INDIANAPOLIS — Some people have to die before good things are said about them.

Jim Larranaga only had to make it to the Final Four.

Twenty years into a head coaching career that’s been more honorable than extraordinary, Larranaga is the star of the show this week. George Mason is the most improbable team in the Final Four in 20 years, and people can’t get enough of the Patriots. Or their coach. He’s a comedian. A resident philosopher. A one-man dance party. A symbol of all that is good in sport.

“A friend of ours said, ‘Jim’s kind of being eulogized and he didn’t have to die.’ It’s so true,” Larranaga’s wife, Liz, said Thursday. “When somebody dies, we say all these wonderful things about them. When they’re here, nobody says anything.

“How beautiful is this?” she added. “He’s so lucky right now. But he’s worked really hard for it.”

George Mason (27-7), the first 11th seed to reach the Final Four since LSU in 1986, plays third-seeded Florida (31-6) on Saturday night.

Aside from his family, friends and the true college hoops maniacs, few people knew who the 56-year-old Larranaga was until three weeks ago.

Though he has a .571 career winning percentage and was an assistant on both of Virginia’s Final Four teams, he’s not one of those coaches who chases every job that comes open with little regard for who he’s crushing along the way. He’s in his ninth season at George Mason and was at Bowling Green for 11 years before that.

And if not for a snub by the NCAA selection committee in 1997, he might still be in Ohio.

Bowling Green had won 22 games that year, its most in almost 50 years. The Falcons lost in the semifinals of the Mid-American Conference tournament, but Larranaga was certain they were still worthy of an at-large NCAA bid.

“We didn’t even get close,” Larranaga said. “I felt like I just needed to start over someplace that maybe had a little more commitment to basketball. George Mason ended up being that school.”

To most, it seemed like a lateral move. George Mason was a mid-major just like Bowling Green, a commuter school in Fairfax, Va., that was part of the Colonial Athletic Association. It was still reeling from its Paul Westhead experiment and was a distant fourth to Georgetown, Maryland and George Washington when it came to local interest.

But Larranaga believed he could turn George Mason into something special.

“We were in a geographic location where we could get involved with more players immediately because of the fertile ground for recruiting that Washington, D.C., Maryland, Northern Virginia is,” he said. “Our philosophy is to recruit locally and build a family atmosphere.
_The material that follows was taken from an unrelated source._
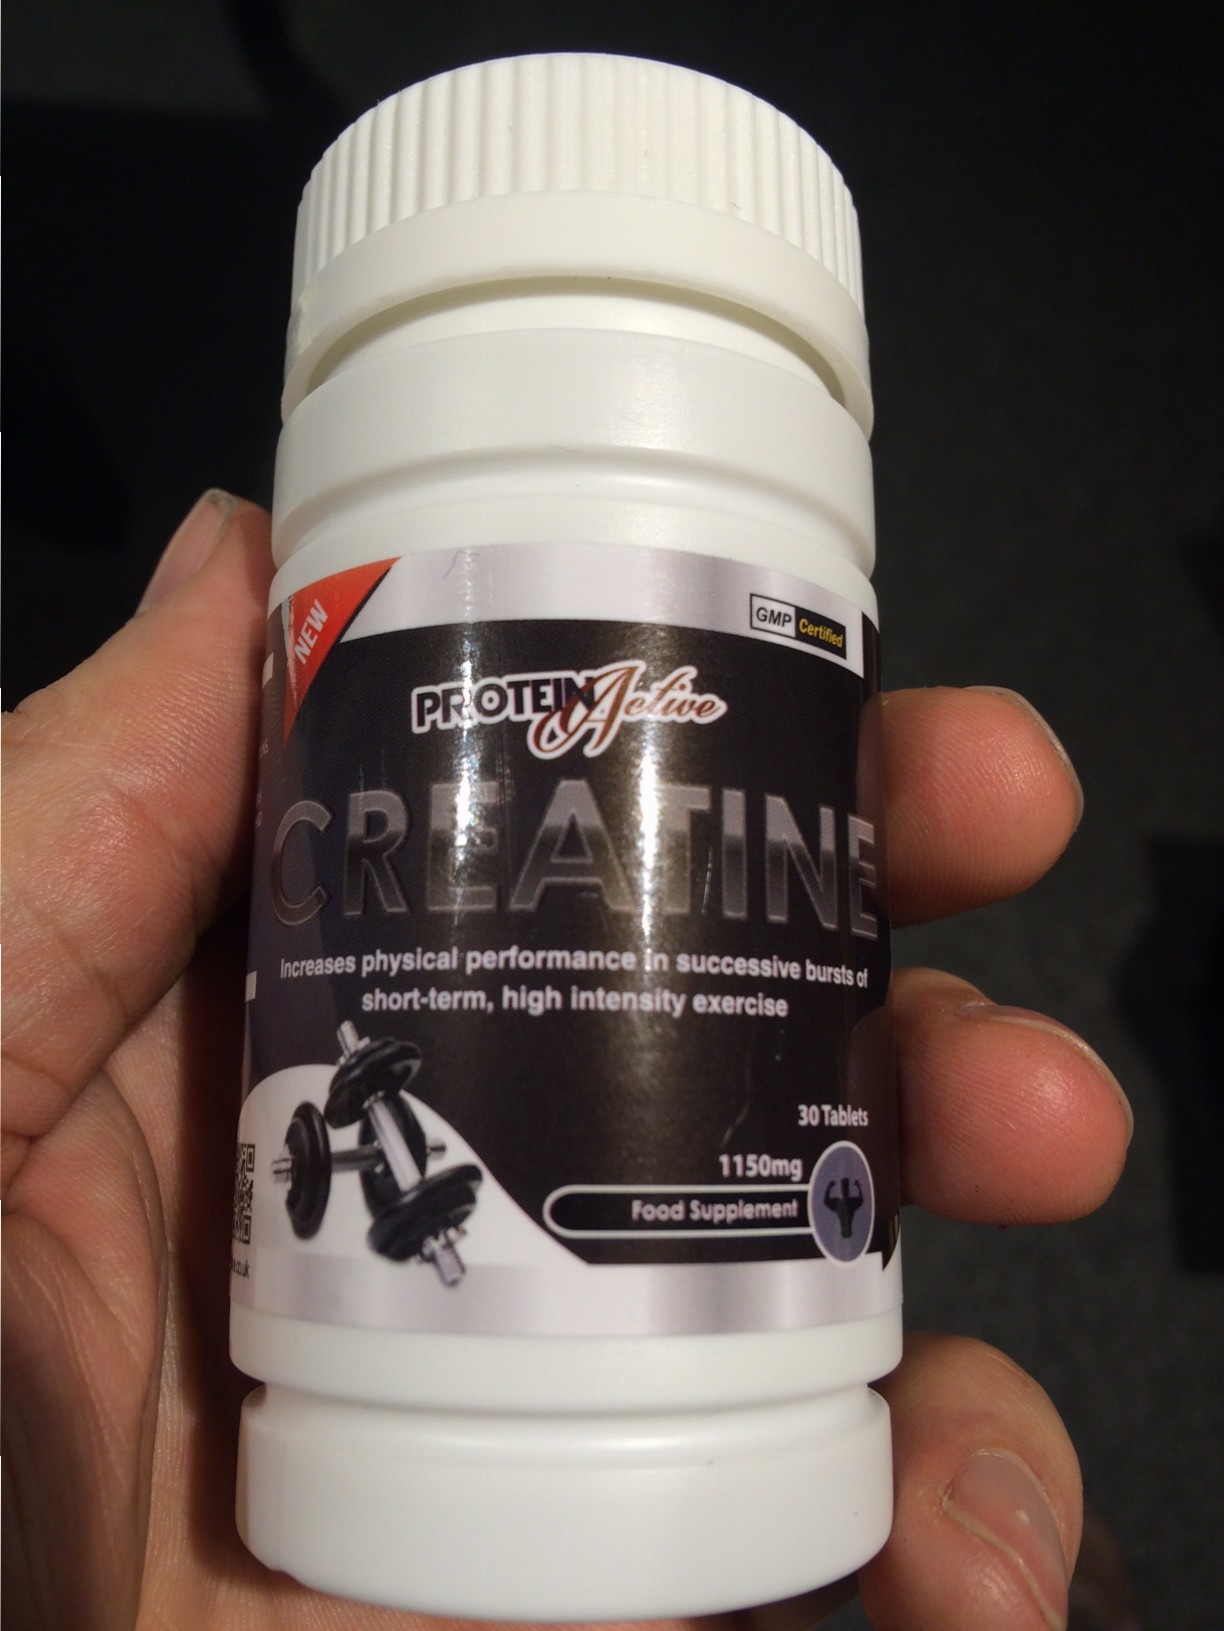 PROTEIN ACTIVE CREATINE TABLETS

We felt like we could do that far better at George Mason than we could at Bowling Green.”

Larranaga went 9-18 his first year at George Mason. He was welcomed so warmly, though, that Liz Larranaga said it didn’t seem like an ugly season.

“From the get-go, people embraced him,” she said. “They embraced his style, they embraced his values.”

Those values can be summed up in one sentence: Everything is a positive.

Instead of scowling or screaming when his players make mistakes, he claps. Yelling at people only makes them more uptight, he reasons. He comes up with corny motivational slogans — who will forget him saying CAA stood for Connecticut Assassin Association? — and he gets his players to believe in themselves by doing it himself.

And that talk about being a family? There’s a reason both of his sons chose to play for him.

“The idea is always to build a relationship between player and coach, simply because you spend so much time with each other trying to accomplish the same things. But this goes beyond that,” said Washington Wizards guard Antonio Daniels, who played for Larranaga at Bowling Green.

“I still speak with Coach every week, and I know how great of a person he is and how much he deserves everything he’s getting right now.”

When Tony Skinn, the team’s second-leading scorer, punched an opponent in the groin during the CAA tournament, Larranaga made the tough call to suspend him for a game — knowing it might be the first game of the NCAA tournament.

“He was mad at me a little bit,” Skinn said. “But he was the one who called me more than anyone else just to make sure I was fine.”

As everyone has discovered, Larranaga can coach, too.

Despite being smaller, shorter and less deep than everyone they played, the Patriots knocked off Michigan State and North Carolina the first weekend, then stunned Connecticut, the season-long favorite to win the title, to reach the Final Four. Together, those three schools won four of the last seven NCAA titles.

Now George Mason — George Mason! — and Larranaga are two games from winning it all.

“I don’t know if words can describe how I feel,” he said. “It’s not just about our basketball program. It’s about our university. It’s about our community. It’s about our region. It’s about people identifying with the idea of a group of young kids overachieving where everybody says you can’t do what you’re doing. And yet we have.”